■ **ACTION ITEM**: Using the data that follows, output only the lines from the line with "Menu do Restaurante" up to and including the line with "Vente Appartement 115m²", exactly, leaving pictures aside.

....

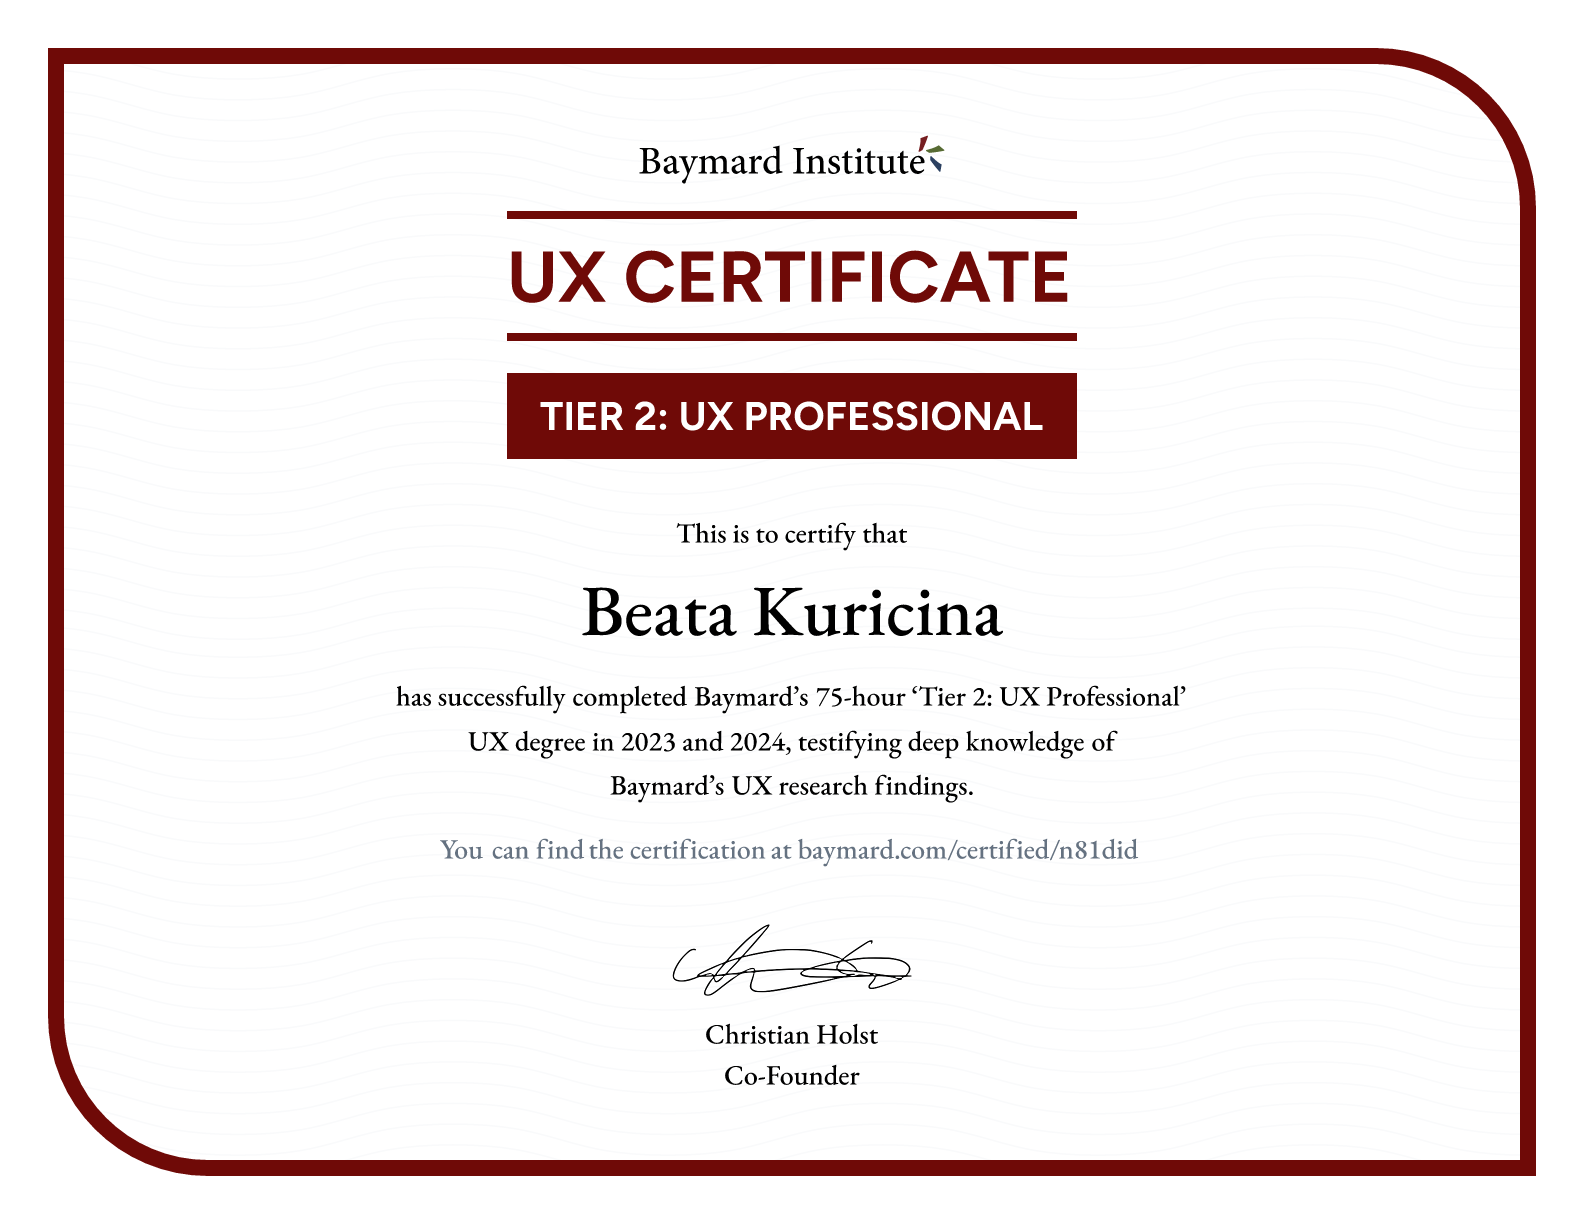 Beata Kuricina’s certificate
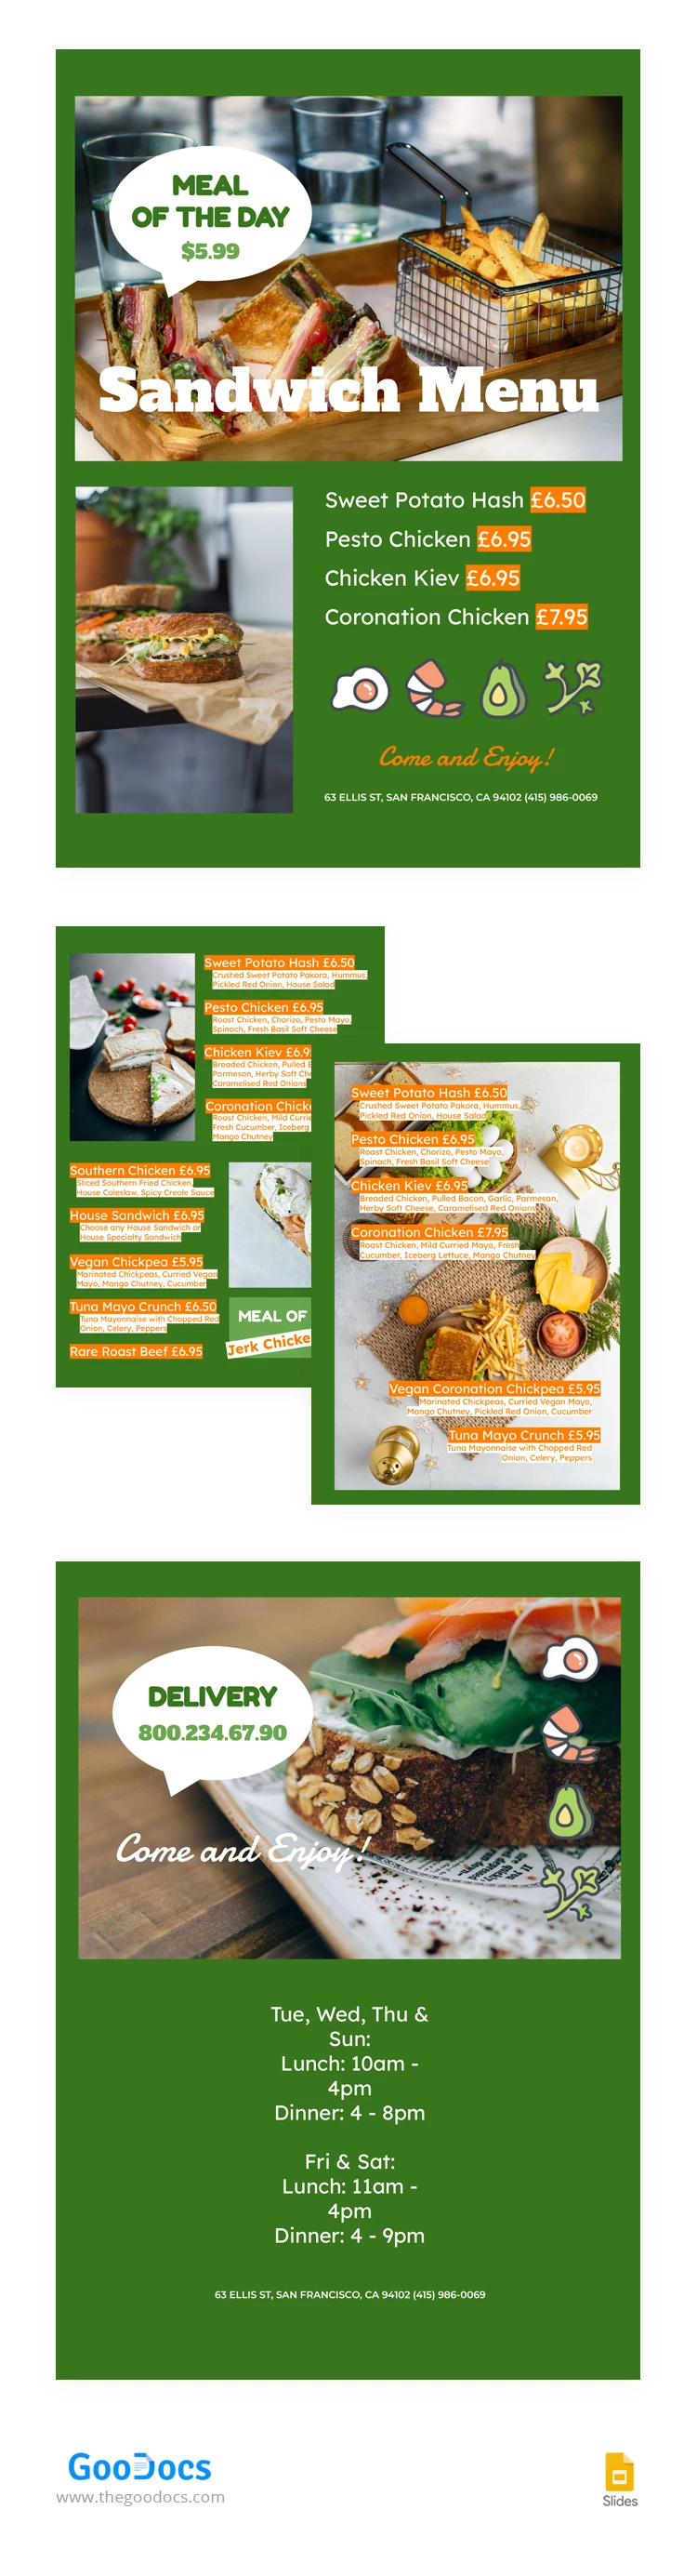 Menu do Restaurante Sandwich Green - free Google Docs Template - 10067083
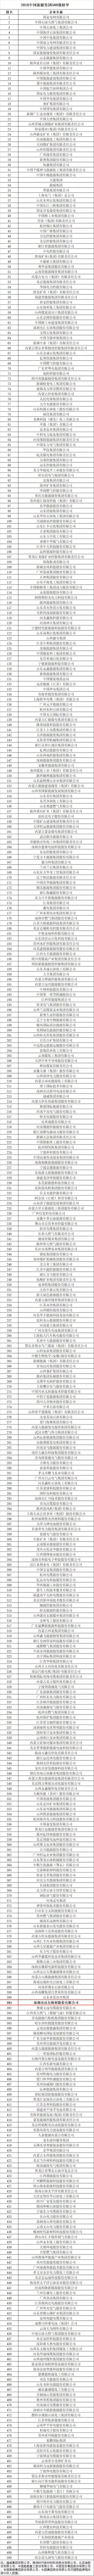 沃尔核材荣登2018中国能源集团500强榜单3.jpg
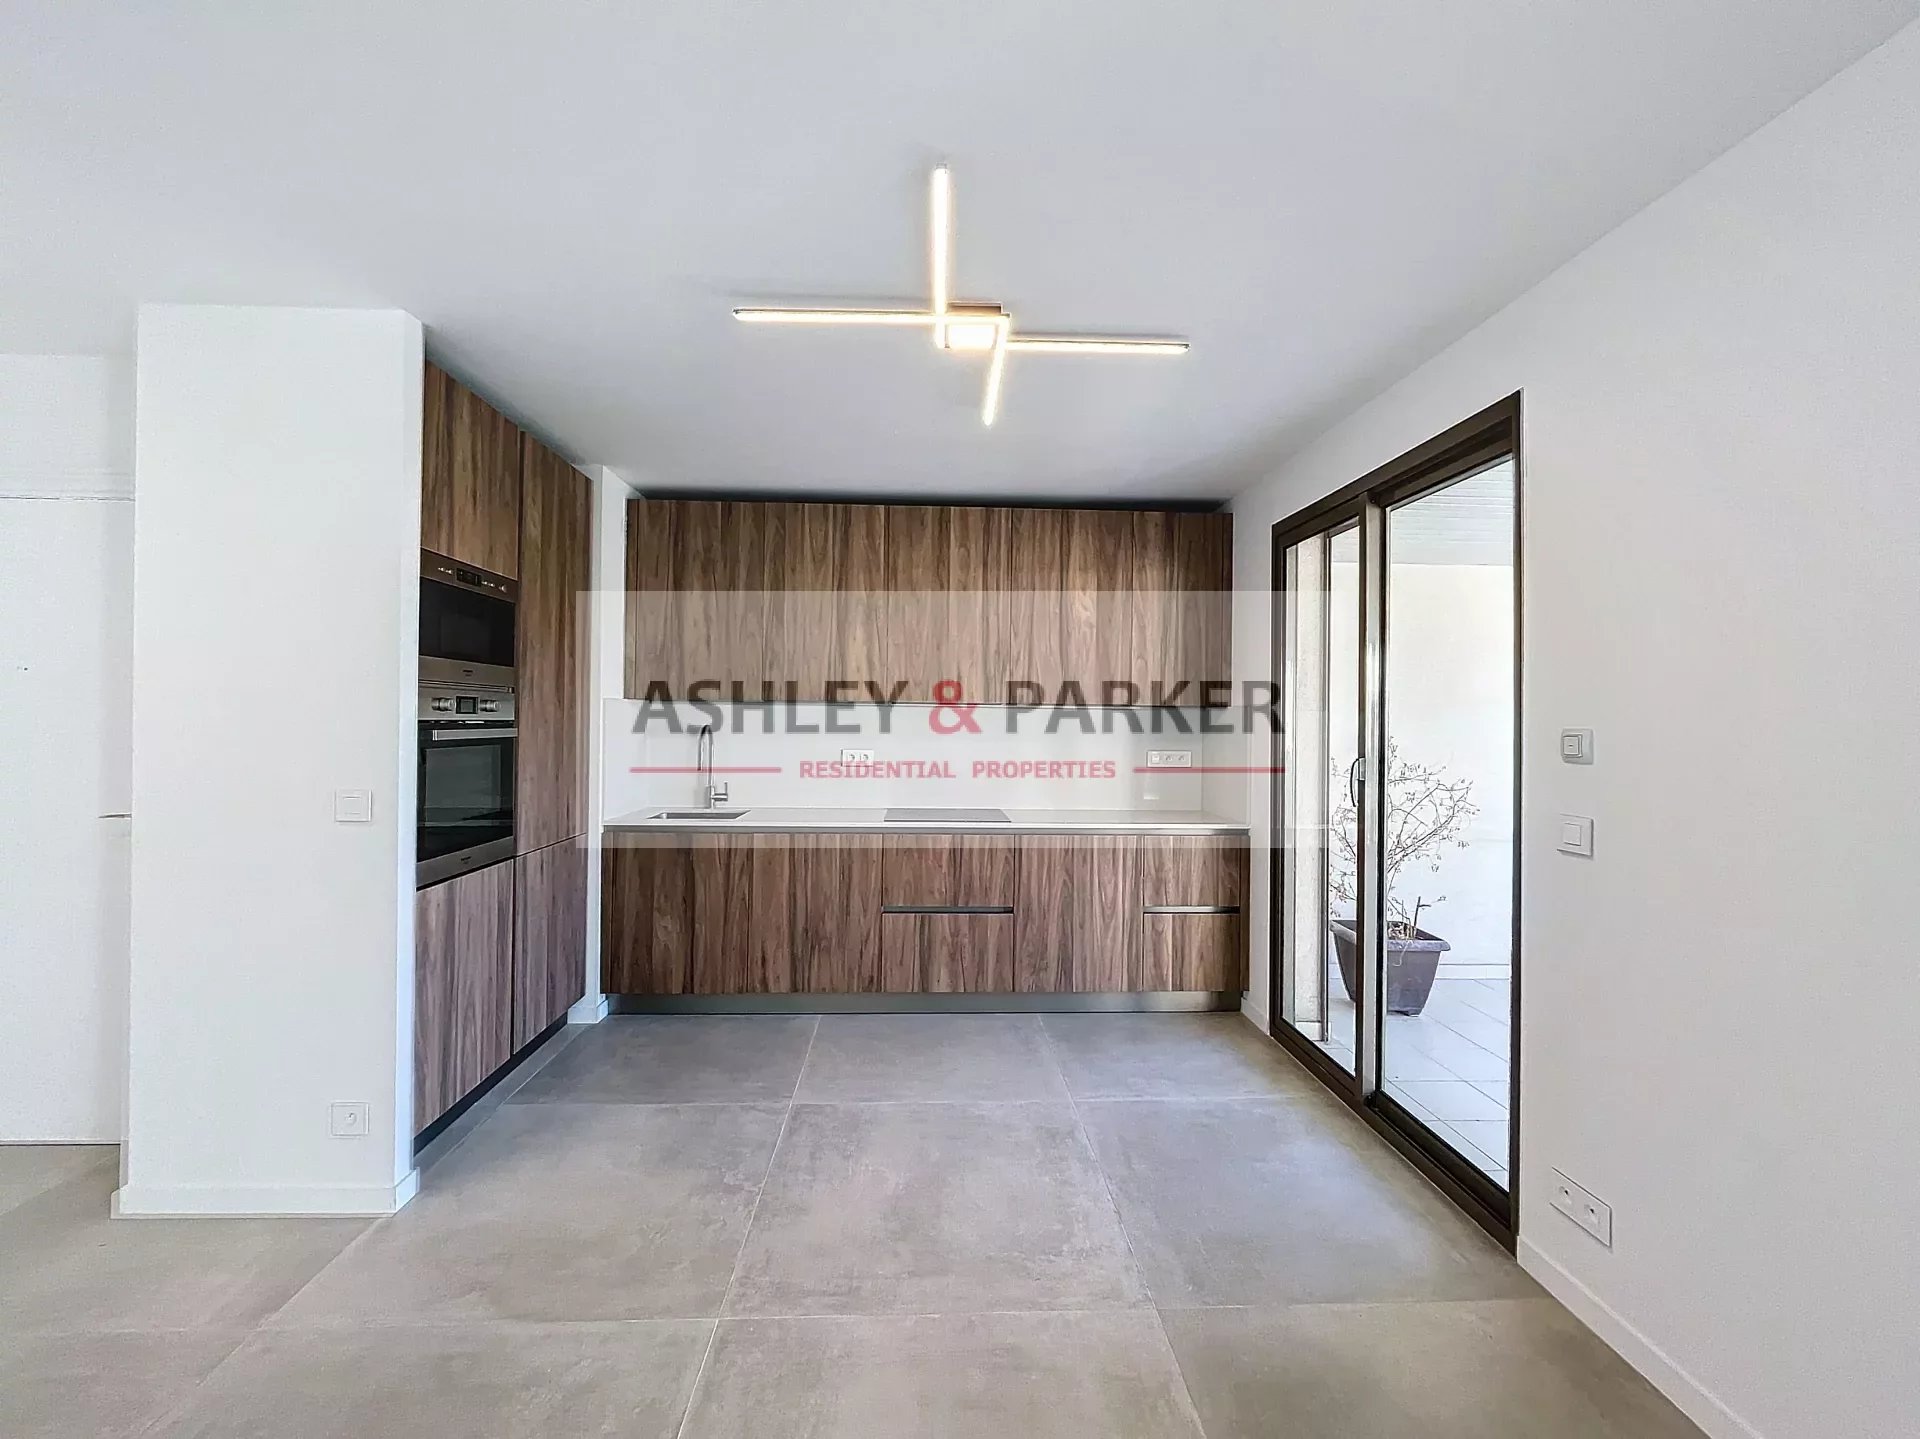 Vente Appartement 115m² 4 Pièces à Nice (06000) - Ashley & Parker
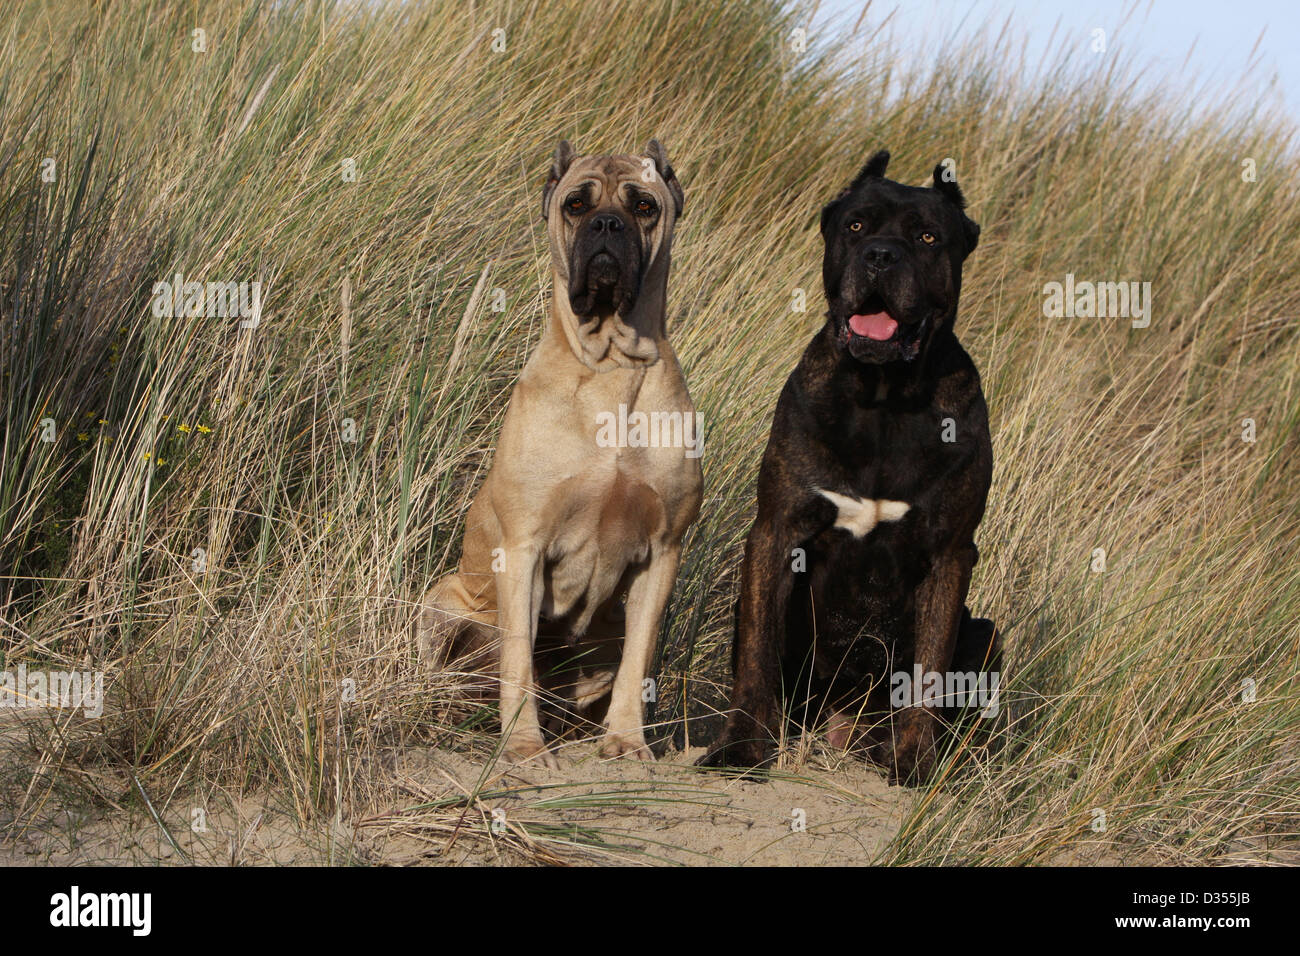 Hund Cane Corso / italienischen Molosser zwei Erwachsene verschiedene  Farben auf dem Sand sitzen Stockfotografie - Alamy

....

■ **RESPONSE AREA**:
 Menu do Restaurante Sandwich Green - free Google Docs Template - 10067083
 沃尔核材荣登2018中国能源集团500强榜单3.jpg
 Vente Appartement 115m² 4 Pièces à Nice (06000) - Ashley & Parker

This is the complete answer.